RUU Cipta Kerja merupakan salah satu topik hukum yang aktual dan kontroversial. RUU ini telah disahkan oleh Dewan Perwakilan Rakyat (DPR) pada tanggal 5 Oktober 2020 dan telah diundangkan oleh Presiden pada tanggal 2 November 2020. Namun, RUU ini masih menuai perdebatan dari berbagai pihak, termasuk pemerintah, pengusaha, dan pekerja.
Substansi RUU Cipta Kerja
RUU Cipta Kerja mengatur tentang berbagai bidang, termasuk ketenagakerjaan, investasi, perizinan, dan lingkungan hidup. Beberapa poin penting dalam RUU Cipta Kerja antara lain:
- Penyederhanaan perizinan usaha
RUU Cipta Kerja menghapus atau menyederhanakan 79 aturan perizinan usaha, termasuk izin usaha, izin lingkungan, dan izin lokasi. Hal ini diharapkan dapat mempermudah dan mempercepat proses perizinan usaha di Indonesia.

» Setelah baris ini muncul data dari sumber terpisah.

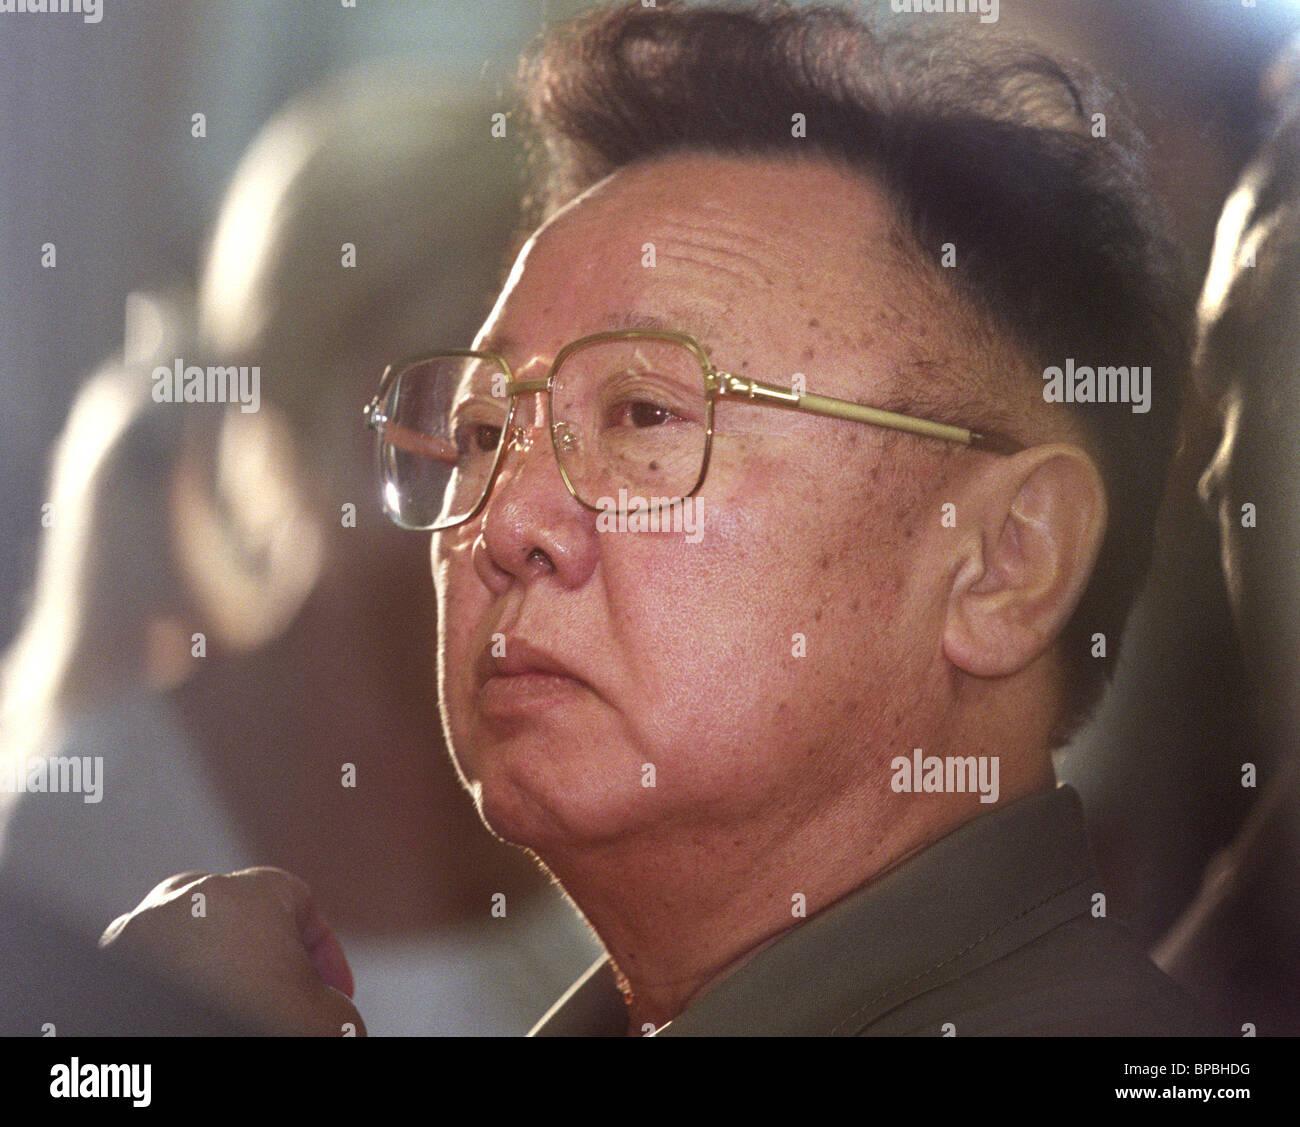 Kim Jong Il leaves Vladivostok for Pyongyang - Stock Image
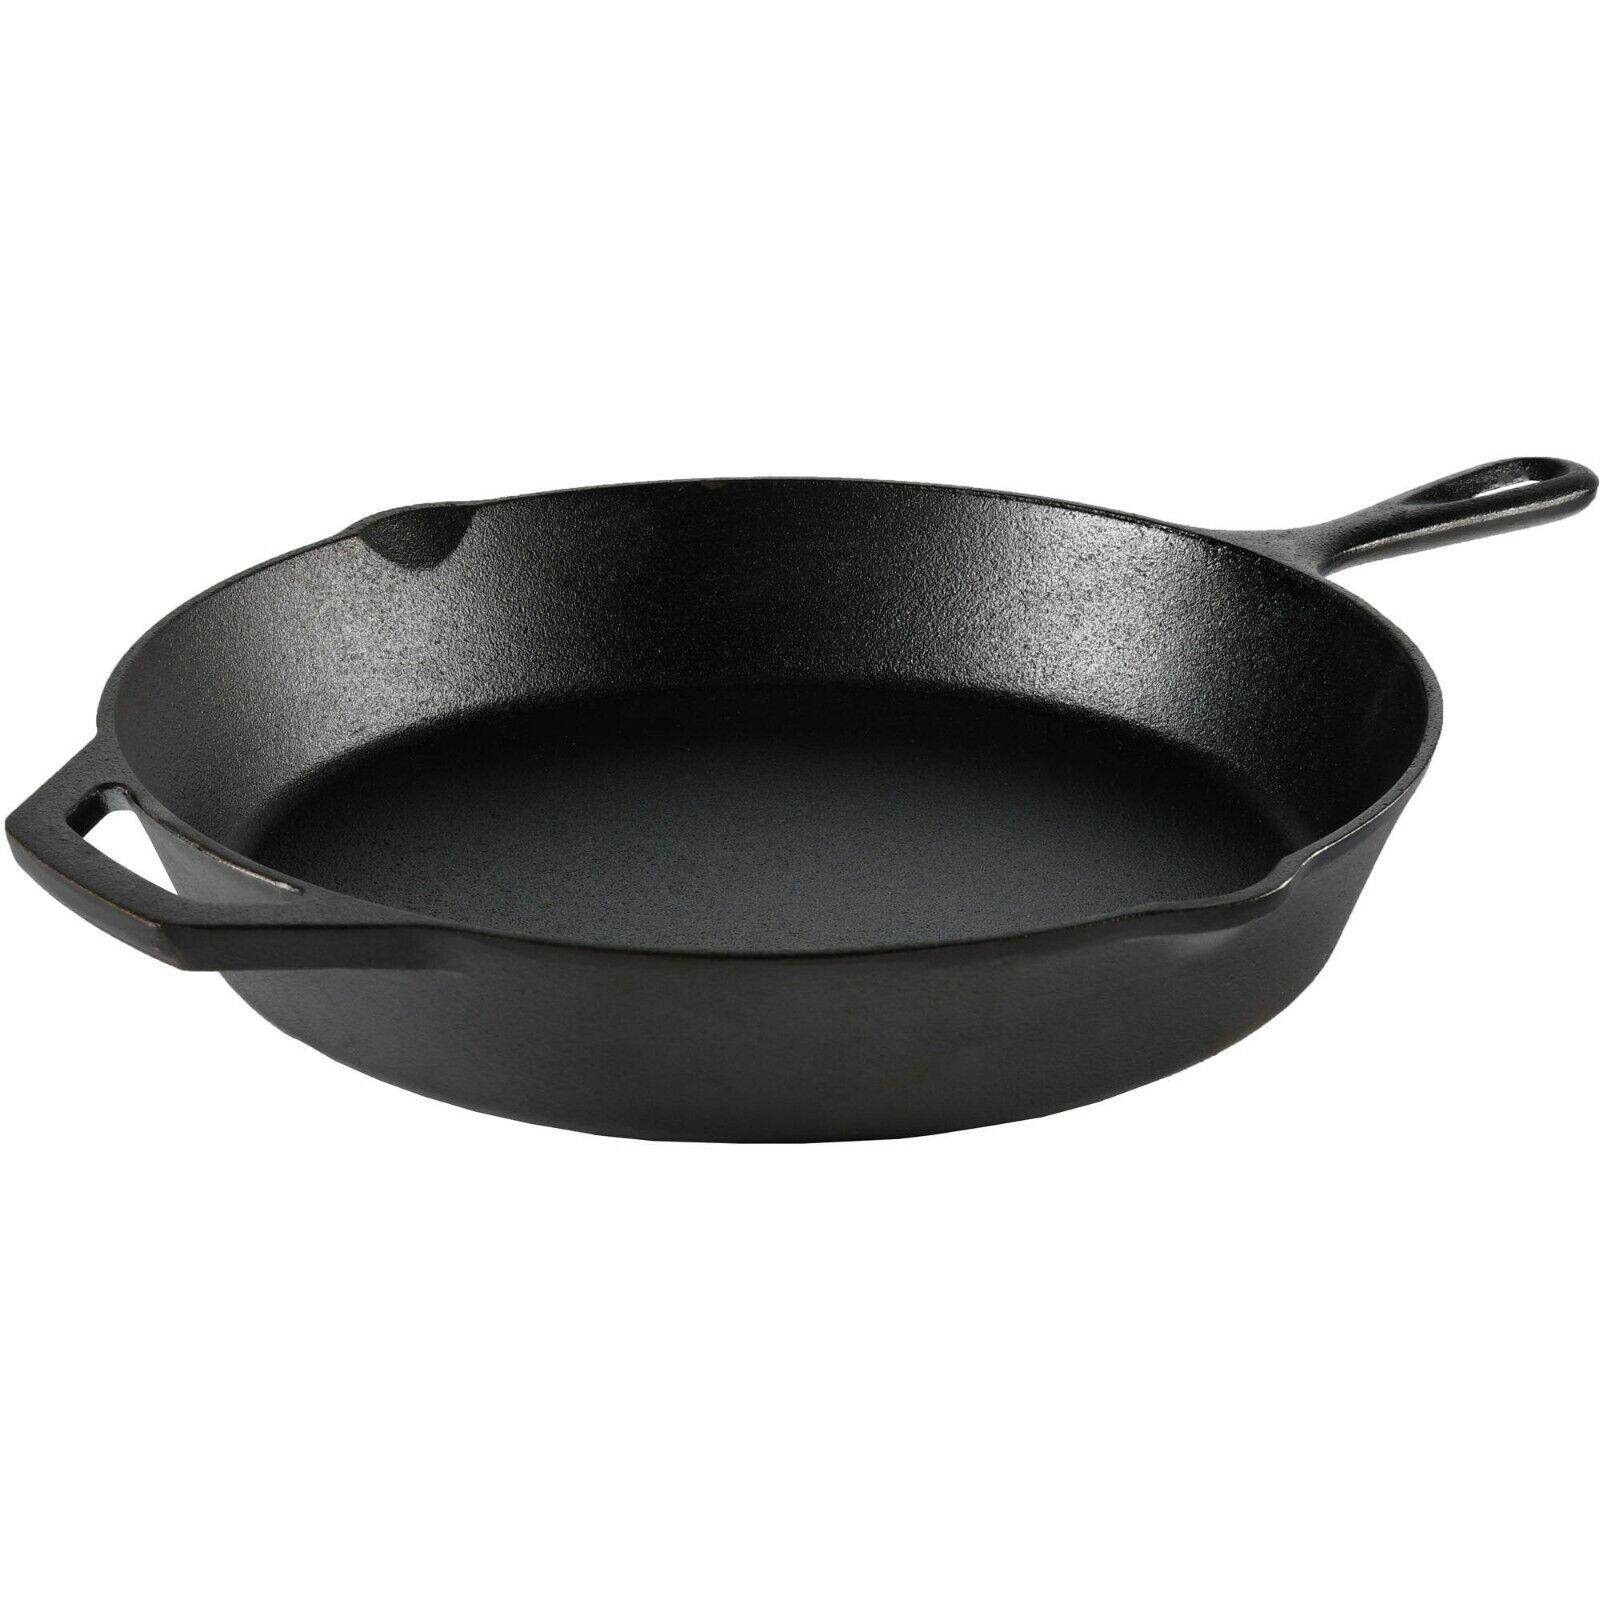 cast iron frying pan skillet pre seasoned

Sebagai contoh, RUU Cipta Kerja menghapus izin prinsip dan izin lingkungan untuk usaha skala mikro dan kecil. Hal ini diharapkan dapat mempermudah UMKM untuk memulai usahanya.
- Peningkatan investasi
RUU Cipta Kerja memberikan kemudahan bagi investor, termasuk kemudahan dalam memperoleh izin usaha, kemudahan dalam memperoleh tanah, dan kemudahan dalam menyelesaikan sengketa. Hal ini diharapkan dapat menarik lebih banyak investasi ke Indonesia.
Salah satu contoh kemudahan yang diberikan kepada investor adalah pemberian izin usaha melalui online single submission (OSS). Melalui OSS, investor dapat mengurus semua izin usahanya secara online, mulai dari izin usaha, izin lingkungan, hingga izin lokasi.
RUU Cipta Kerja diharapkan dapat menciptakan lapangan kerja baru, baik melalui investasi maupun melalui pengembangan UMKM. RUU ini juga memberikan kemudahan bagi UMKM untuk memperoleh kredit dan akses pasar.
Salah satu contoh kemudahan yang diberikan kepada UMKM adalah pemberian kredit usaha rakyat (KUR) yang lebih besar dan dengan bunga yang lebih rendah.
- Perlindungan tenaga kerja
RUU Cipta Kerja memberikan perlindungan bagi tenaga kerja, termasuk jaminan sosial, upah minimum, dan waktu kerja. Namun, beberapa ketentuan dalam RUU Cipta Kerja dinilai dapat merugikan tenaga kerja, seperti ketentuan tentang upah minimum sektoral dan ketentuan tentang outsourcing.